A queen that has contracted septicemia during insemination will die a day or two later and soon show the typical symptom of this disease: dismemberment of the body parts. If this bacterial disease is suspected but the symptoms are not yet evident, hold the queen a day under humid conditions. If the queen's legs and wings are then not pulled off easily (practically fall off), then the trouble is not the type of septicemia common in the United States. Other septicemias that do not cause dismemberment have been reported in Europe and would probably also be spread by insemination.
Septicemia is spread by instruments that come in close contact with the queen: syringe, sting hook, and valvefold probe. Contaminated ventral hook, queen holder, and hands are not likely sources of infection. The semen of drones dying of septicemia seems to be uncontaminated.
Paralysis is caused by a virus. It kills less rapidly than septicemia. Infected queens returned to their nuclei after insemination may simply not lay and disapper after a few days. Others gradually become sluggish and bloated with clear body fluid. In this condition they will live for several days on the comb or on the bottom board. Some will lay a few eggs before they become sick.

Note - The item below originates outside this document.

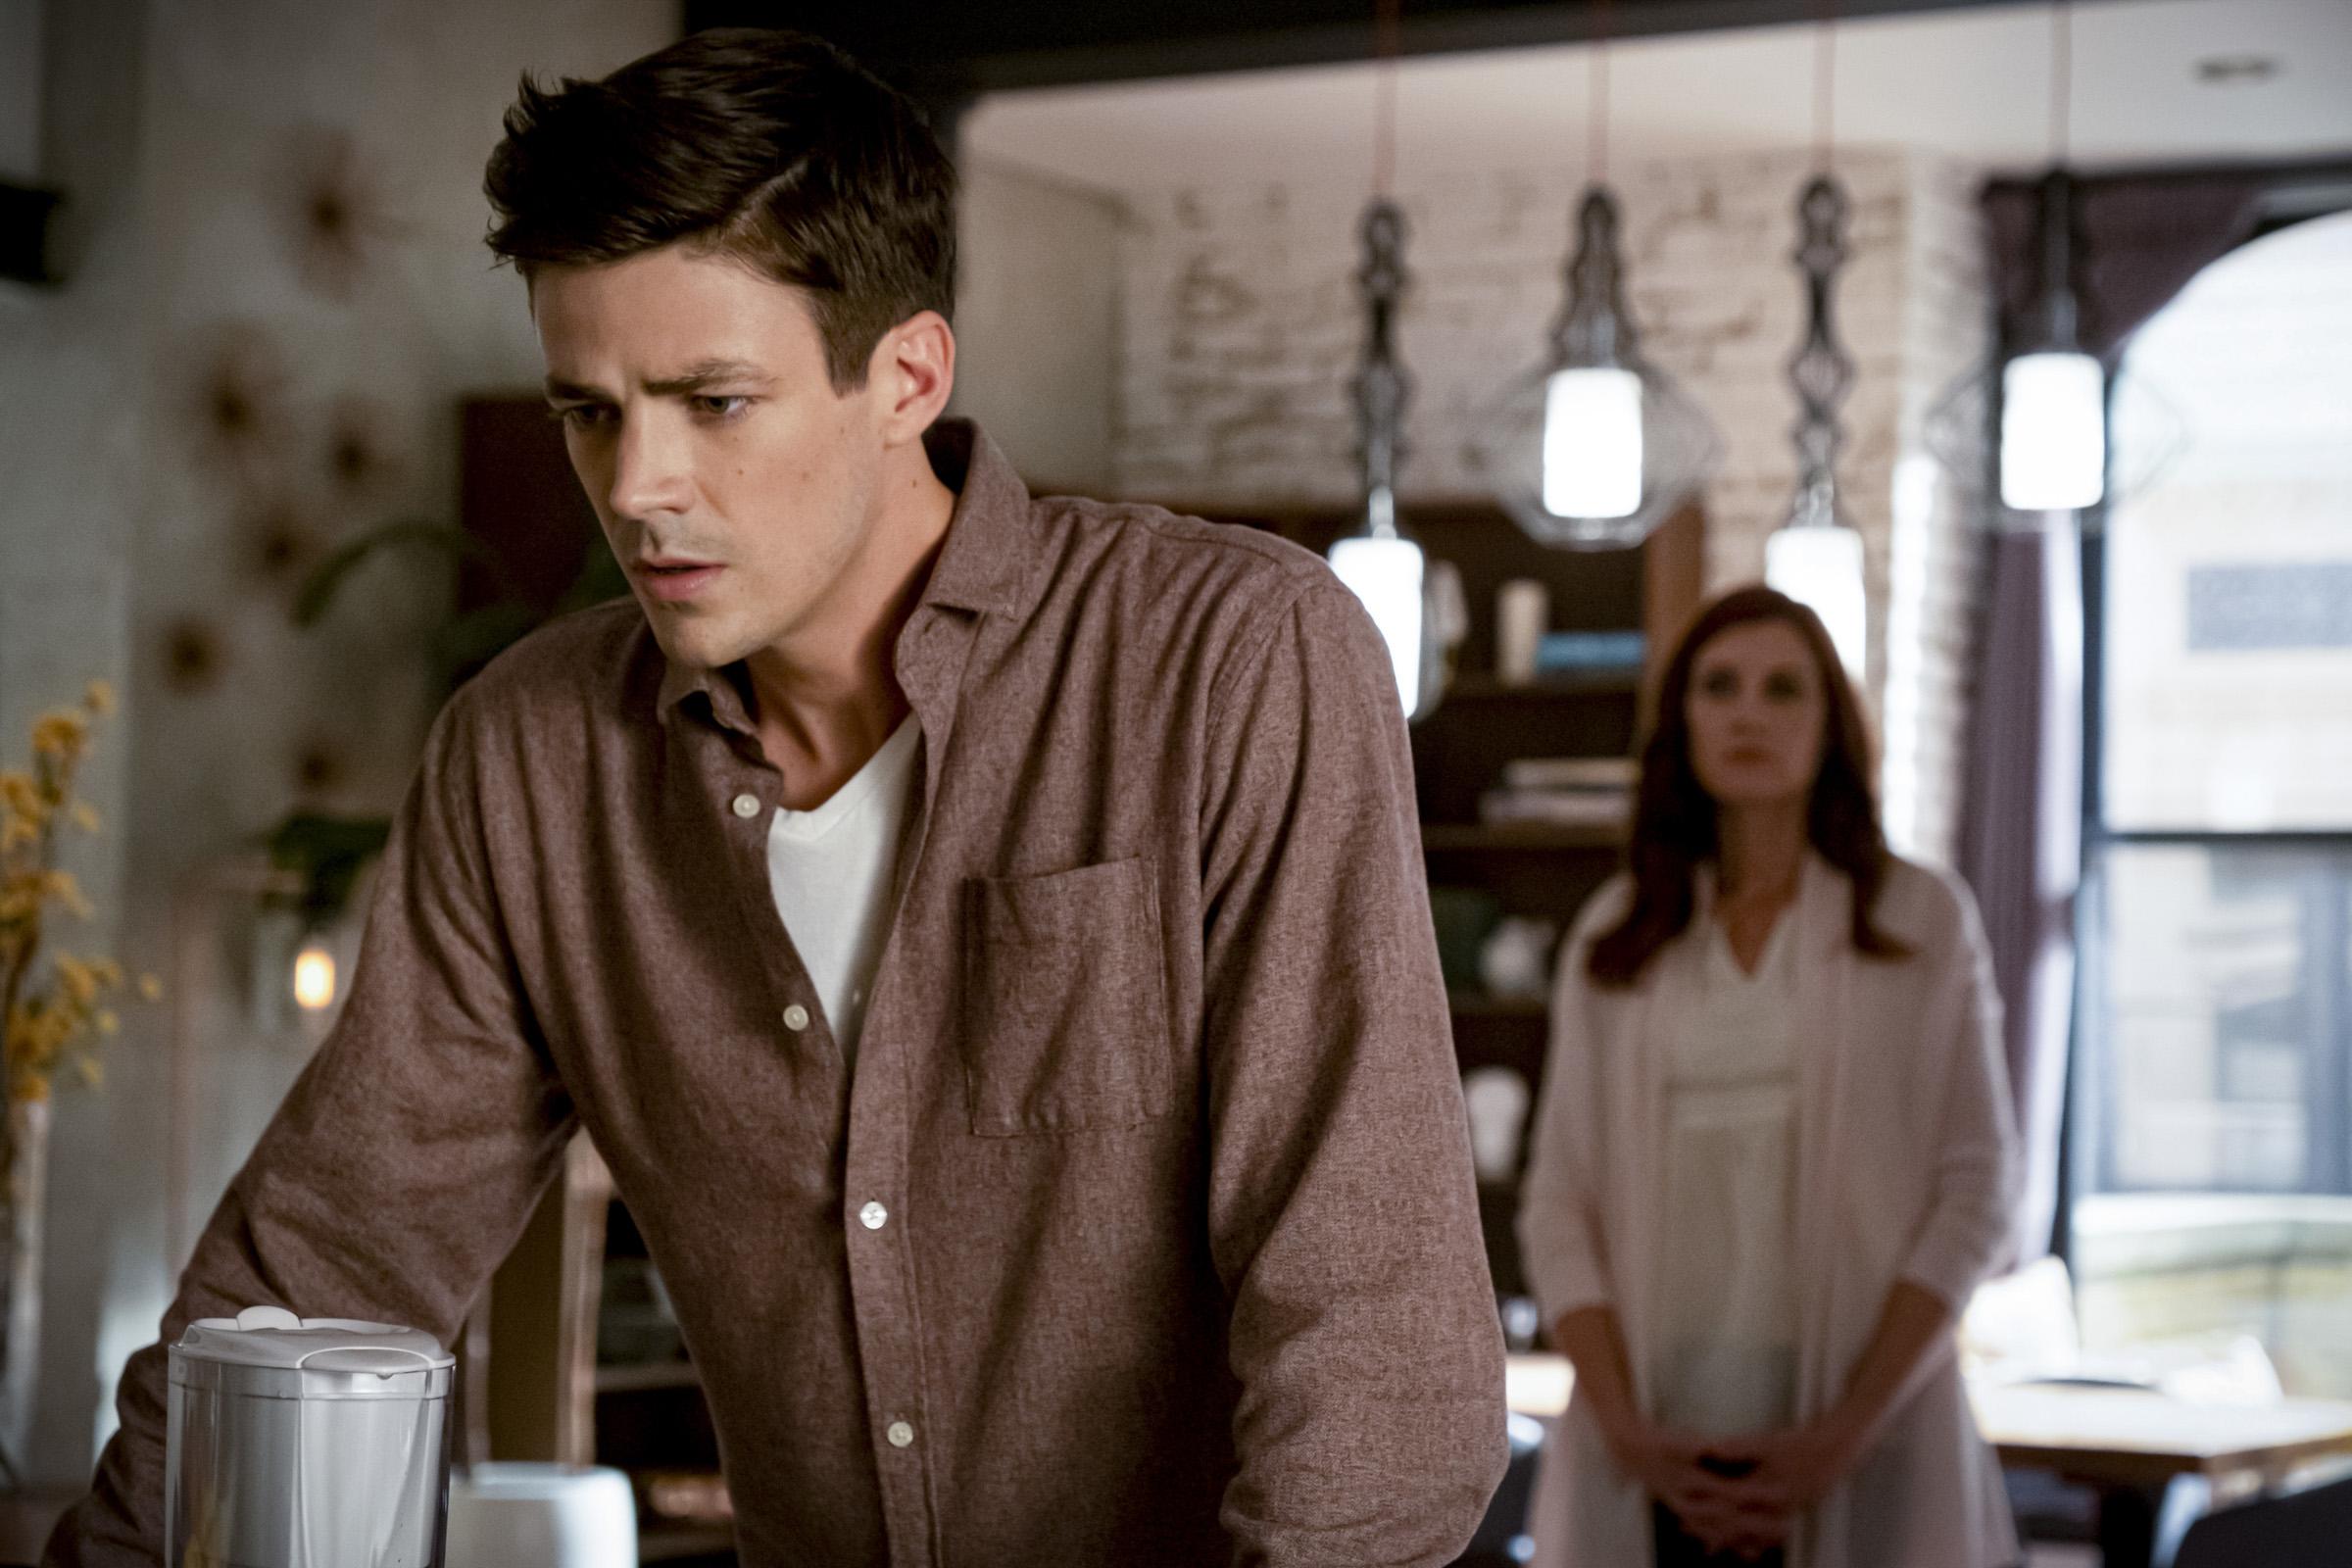 The Flash: infectado, Barry toma decisão ousada no episódio 6x07 (Spoilers)

These diseases can usually be avoided by using free-flying drones of any age or confined drones as soon as they are sexually mature or at least within 3 weeks after emergence. Whenever they have appeared, we have controlled these diseases by instituting sterilization procedures. Between each operation or after every third operation, the plastic syringe tip was sterilized with sodium hypochlorite, and the probe and sting hook were sterilized with 70 percent alcohol.

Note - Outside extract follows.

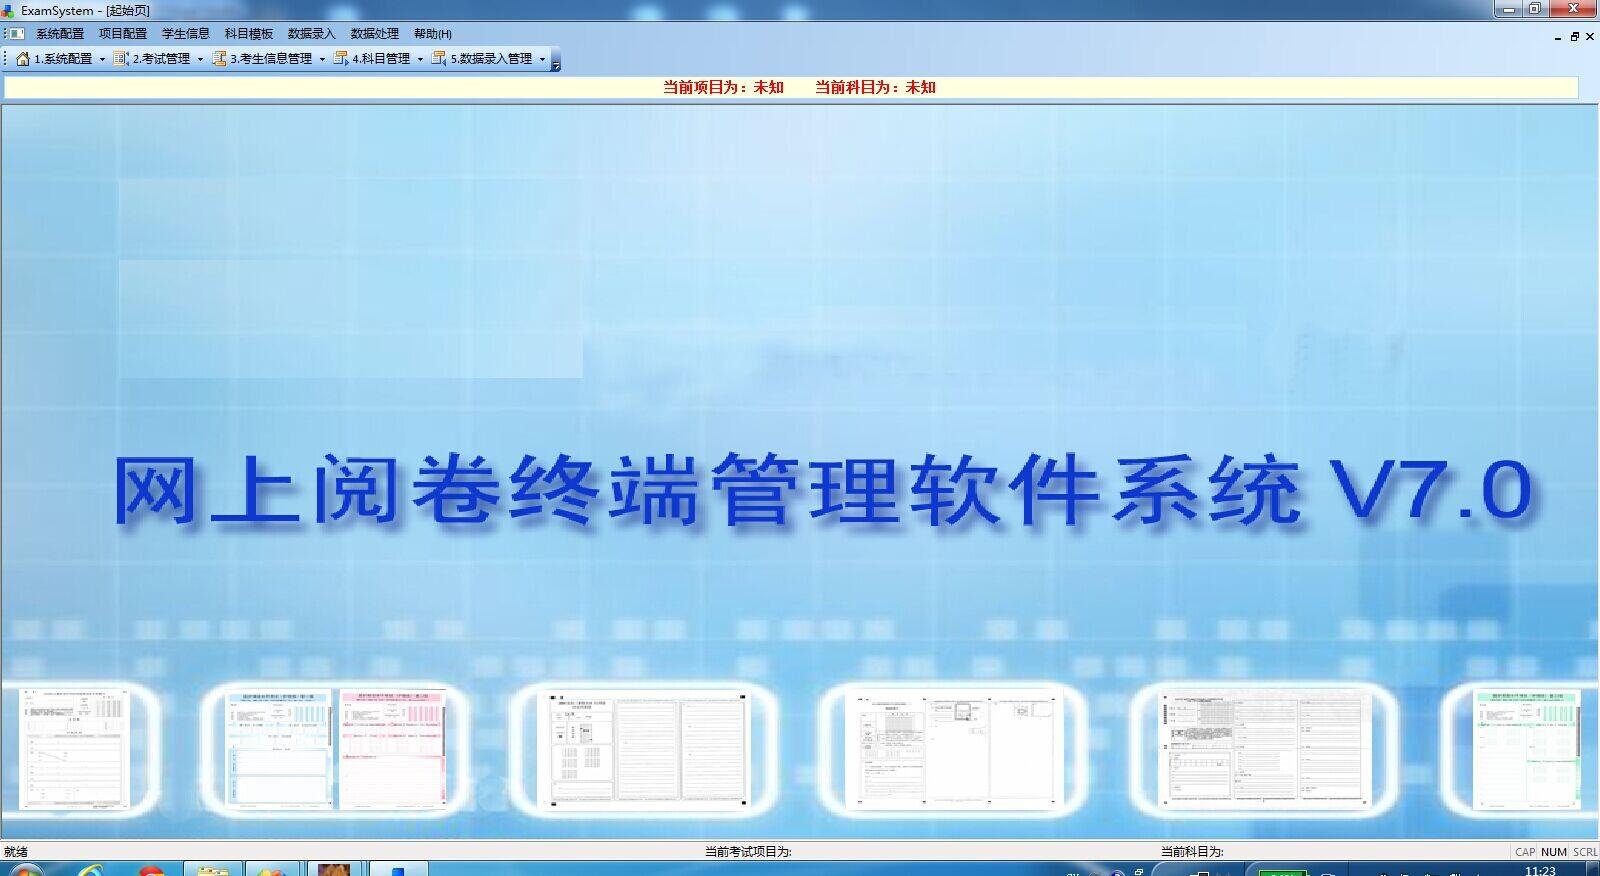 荆州网上阅卷报价 网上阅卷干部考核方案|新闻动态-河北文柏云考科技发展有限公司

Antibiotics have been used by a number of workers and can be used routinely. At the Bee Research Laboratory, Tucson, Ariz., Terramy cin is used. A stock solution is made up with 2. 5 grams Terramycin (poultry formula-6. 25 grams activity in one-quarter pound) in 100 cc. physiological sodium chloride solution and refrigerated. The stock solution is diluted with eight parts of the salt solution as needed. In loading the syringe with semen, a microliter of the Terramycin solution both precedes and follows the semen. All this is injected, and, as the syringe is withdrawn, an additional microliter of the Terramycin solution is placed at the opening of the reproductive tract before removing the sting and ventral hooks. The syringe is used continuously without cleaning. In a similar method, we substituted 0. 25 percent streptomycin sulfate for the Terramycin. At the Bee Management Investigations Laboratory at Madison, Wis., streptomycin sulfate (0. 5 grams per cc. ) is applied with a brush to the hooks and loaded syringe just prior to insertion of the syringe.
These methods control septicemia. In the case of paralysis, sterilization procedures may be necessary because it is a virus disease.